Светило дневное ко западу клонилось,
Лесами от очей дремучими закрылось;
Прохладный ветерок вечерний повевал,
Томящися полки к покою призывал;
Дуброву чистые потоки орошали,
Лазоревы цветы долину украшали:
Владимир к отдыху желание явил;
Как бурную реку полки остановил.
Готовят ратники между шатрами яству,
Бегут кони в луга, выходит вол на паству.

     Но Царь, Российский Царь при шуме ратных дел,
Царевной Греческой возженный дух имел.
Что нравно нам, всегда то в памяти питаем!

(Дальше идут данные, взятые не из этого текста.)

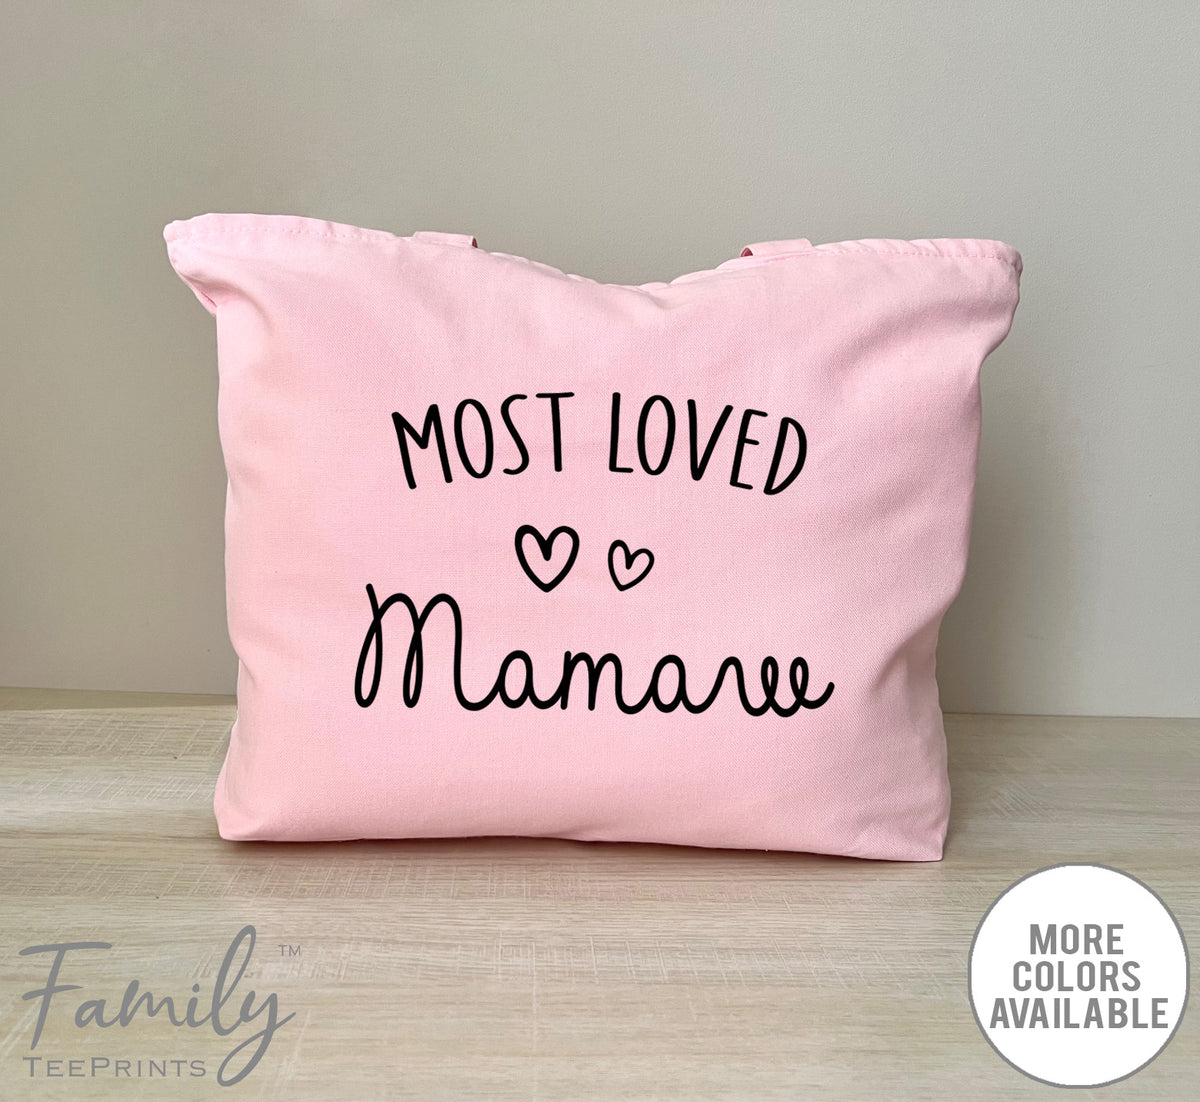 Most Loved Mamaw - Zippered Tote Bag - Mamaw Bag - Mamaw Gift - familyteeprints
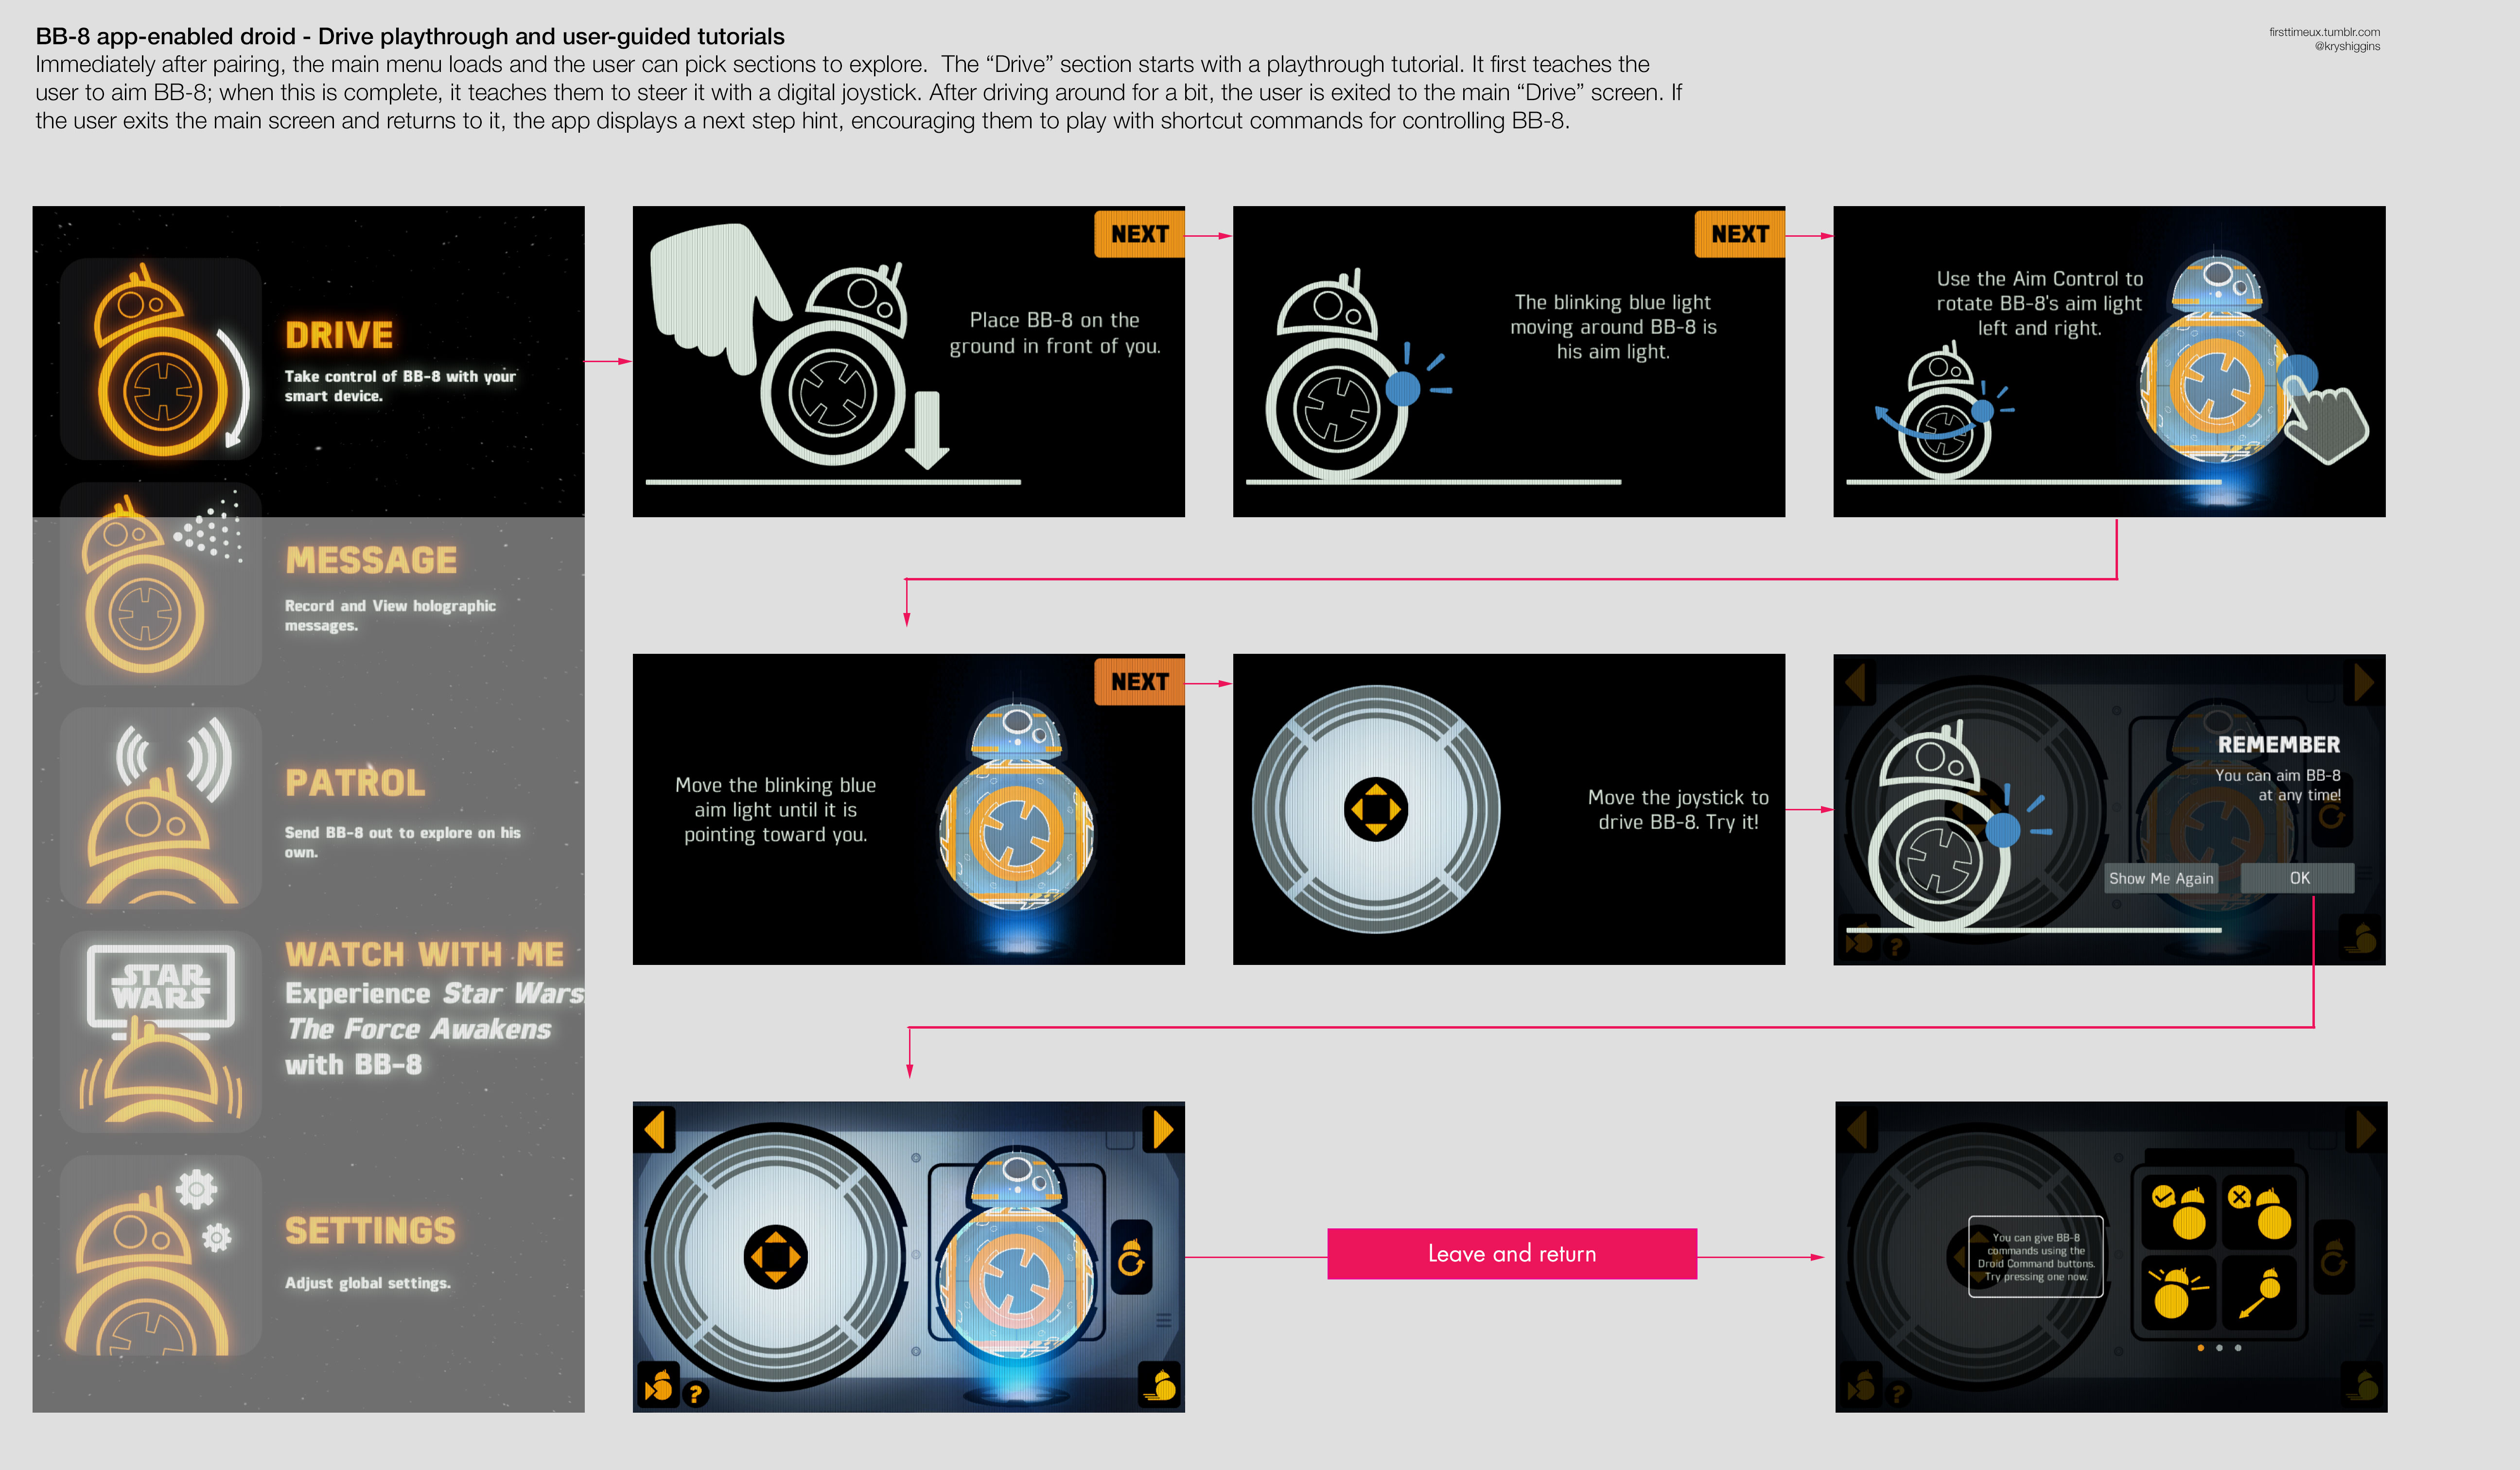 Screenshots of BB8 app playthrough tutorials

Беседовать о ней уходит он с Рогдаем,
Он чувства нежные в смущенном сердце нес:
Задумчив, утомлен вступил в зеленый лес;
О прелестях Княжны Рогдая вопрошает,
Сказанием его все мысли утешает.
При Греческих Царях Рогдай год целый жил,
Он храбро в воинстве против Срацын служил;
Во бранях отвращал от них судбину гневну,
И часто он видал прекрасную Царевну.
Я слышал, рек Рогдай, что Греческу Княжну,
Онорий думает отдать тебе в жену;
Но льзя ль Героям быть любителями тлена!
Вторая кажется Княжна сия Елена,
Котора Фригию умела истребить;
Нам должно убегать Гречанок, не любить!
Притом же с верой их они Княжну вручают,
И тако обладать тобой и нами чают.
Страшися прелестей и Греческих коварств,
Они рушители, они погибель царств.
Не занимаяся толь дерзкими словами,
Владимир в лес вступил — меж гордыми древами,
Которы тенями покрыв цветущий луг,
И тихий шум чиня, изображали круг,
Журчащие в траве источники бежали,
В пустыне некое унынье умножали —
Увидел тамо Царь, густых древес в кругу
Гробницу мрачную, лежащу на лугу.
Владимир близь нее в печальных черных тенях
Пустынника узрел, стояща на коленях:
Одеждой белою, как Ангел, покровен,
Пустынник видим был, в молитву погружен;
Страдания в его челе изображенны,
И длани он имел ко персям приложенны;
Он плакал; из его потупленных очей
Горчайших слез лился на грудь его ручей;
Молитвы иногда стенаньем прерывались,
Древа с стенанием его согласовались;
Казалось, тихое движение листов,
Потоки водные, печальных полны слов.


     Владимир ход прервал; виденьем изумленный,
Иль паче зрелищем печальным умиленный.
Но умиления Рогдай не зная, рек:
Конечно страждет здесь печальный человек!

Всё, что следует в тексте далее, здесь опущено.